In 2026 if I asked you to solve $x^3 = 13x + 12$, I imagine you could find a solution in just a few steps. But back in 1646 this is hard to do and mathematicians don’t like finding solutions that are negative or, God forbid, complex. In the book, Van Schooten actually describes negative solutions as false and complex solutions as fictitious.

In many ways the cubic equation is the open question of the century. While different approaches have been developed around the world, in 17th century Europe they have been battling with solutions to cubics for over a hundred years—in some cases literally (Google ‘Italian mathematics duel,’ and you won’t be disappointed).

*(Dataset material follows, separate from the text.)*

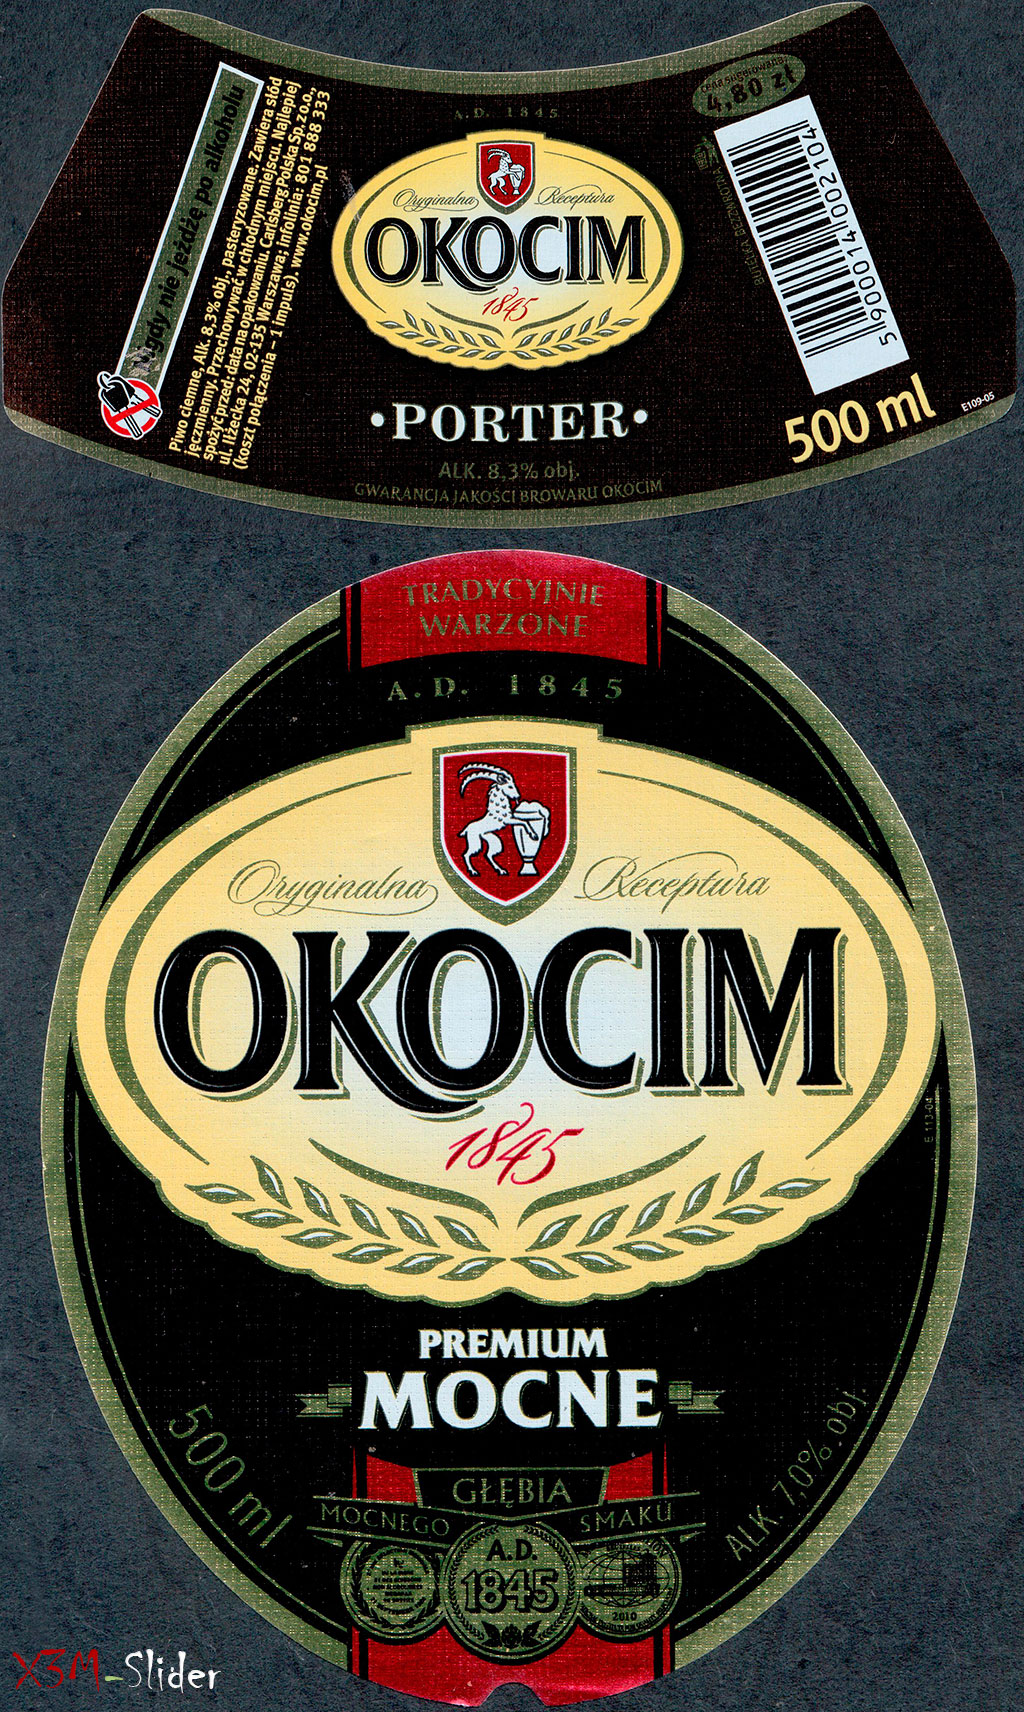 Okocim - Mocne Premium

Various methods and solutions have been found for special cases, but there isn’t a simple way to find the roots of a general cubic.

So why would cubic equations show up in a book about conic sections?! It turns out that Van Schooten has found a way to represent a certain type of cubic equation using a geometrical drawing. By doing this, he is trying to bridge the gap between an exciting new branch of mathematics called ‘analytic geometry,’ cooked up by Descartes and Fermat, and the deductive geometry you have grown up with in the 1600s.

Van Schoot me a line

In 2026, you would have seen both types of geometry but probably would be far more comfortable using analytic geometry. Analytic geometry is about finding the equations of lines or circles and working out the information you need just using equations. You don’t need images or diagrams to help you. In contrast, deductive geometry relies on the fact that you have a diagram to help find your solution. You will need to construct circles, triangles and other shapes using a compass and a straight edge and then use your knowledge of angles and the properties of shapes to draw conclusions.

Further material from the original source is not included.